Passion Fruit Allergy Test

£33.00

Description

Passion Fruit Allergy Test

Code: f294
Latin name: Passiflora edulis
Source material: Fruit pulp
Family: Passifloraceae
Common names: Passion fruit, Granadilla, Grenadilla, Maypop, Apricot vine, Passion vine
Synonyms: Passiflora edulis flavicarpa

Passion fruit is a food, which may result in allergy symptoms in sensitised individuals.

(Not to be confused with other, closely-related members of the genus)

Passiflora caeulea
Passiflora foetida
Passiflora incarnata
Passiflora quandrangularis
Passiflora pulchella
Passiflora alata
Passiflora herba

Passion Fruit Allergy Test: Allergen Exposure

The passion fruit vine is a woody, climbing, evergreen perennial, growing up to 9 m tall.
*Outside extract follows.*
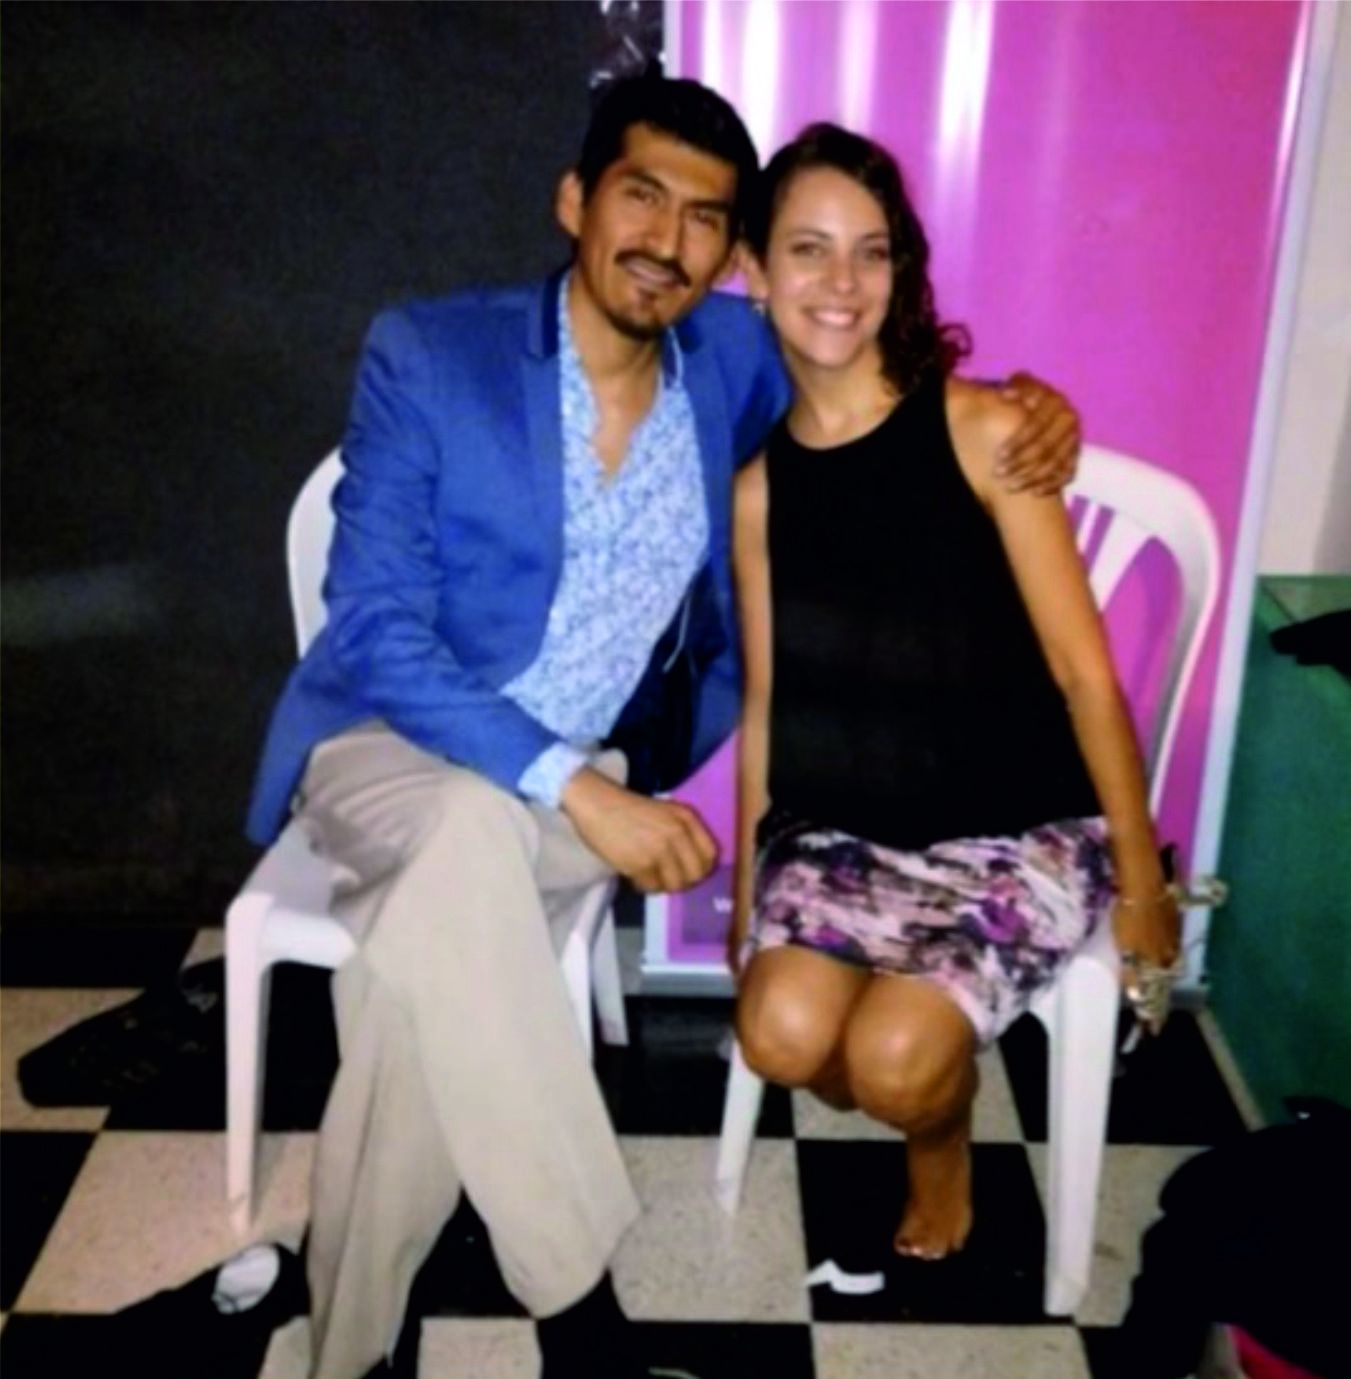 Benjamín Galián junto a Carla Zarzoso, su pareja de baile durante la gala en CAJA

The nearly round or ovoid fruit, 4-7.5 cm wide, has a tough, smooth, waxy rind, ranging from dark-purple with white flecks to light-yellow or orange.

Under a thin layer of white pith is a cavity with an aromatic mass of membranous sacs filled with orange-coloured, pulpy juice, and as many as 250 small, hard, pitted seeds. The flavour is musky and sub-acid to acid and can probably be compared most closely to guava.
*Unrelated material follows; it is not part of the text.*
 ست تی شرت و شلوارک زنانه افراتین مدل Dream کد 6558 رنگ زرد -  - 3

Passion fruit is grown in much of the tropical and subtropical world, including Brazil, Australia, New Zealand, Israel, Jamaica, South Africa, Malaya, Fiji and Hawaii. However, the plant has proved significantly disease-prone, retarding the development of plantations and commercial markets.

The fruit is usually used for flavouring other foods, but it can be eaten on its own, raw or cooked. It is normally allowed to wrinkle and develop sweetness. It is juiced, made into syrup or used in sauces, cakes, etc. In some countries it is the source of speciality products such as passion fruit ice cream and bottled cocktails. An edible oil is obtained from the seed.

The pulp of the fruit is stimulant and tonic.

Passion Fruit Allergy Test: Allergen Description

No allergens from this plant have yet been characterised.

A class I chitinase has been reported to be present in the pulp of passion fruit.

A hevein-like protein has been detected.

Passion Fruit Allergy Test: Potential Cross-Reactivity

Extensive cross-reactivity between the different individual species of the genus could be expected, but has not been formally evaluated.

A class I chitinase has been reported to be the relevant protein linked to cross-reactions in latex-fruit allergy syndrome, which includes passion fruit, cherimoya, kiwi, papaya, mango, tomato and wheat.

Clinically relevant cross-reactivity between latex and passion fruit has been documented.

In children, cross-reactivity has been reported among apricot, avocado, banana, cherry, chestnut, grape, kiwi, papaya, passion fruit, peach and pineapple.

Healthcare providers who have coexisting risk factors, such as atopy and food allergies (chestnut, banana, avocado, passion fruit, celery, potato, and peach) are at an even greater risk of severe allergic reactions following repeated latex exposure.

Passion Fruit Allergy Test: Clinical Experience

Passion fruit may occasionally induce symptoms of food allergy in sensitised individuals, and more frequently in latex-allergic individuals.

A 36-year-old patient reportedly experienced generalised urticaria, oropharyngeal pruritus, tongue swelling, dysphagia, dysphonia, cough, rhinorrhea, sneezing, lacrimation, and ocular itching immediately after drinking a can of mango and passion fruit juice.

Other reactions

A 34-year-old female developed severe nausea, vomiting, drowsiness, prolonged QTc interval on her ECG, and episodes of non-sustained ventricular tachycardia following self-administration of the herbal remedy Passiflora incarnata (related to P. edulis, but with bioactivity) in therapeutic doses.

Vasculitis associated with an herbal preparation containing Passiflora extract has been reported.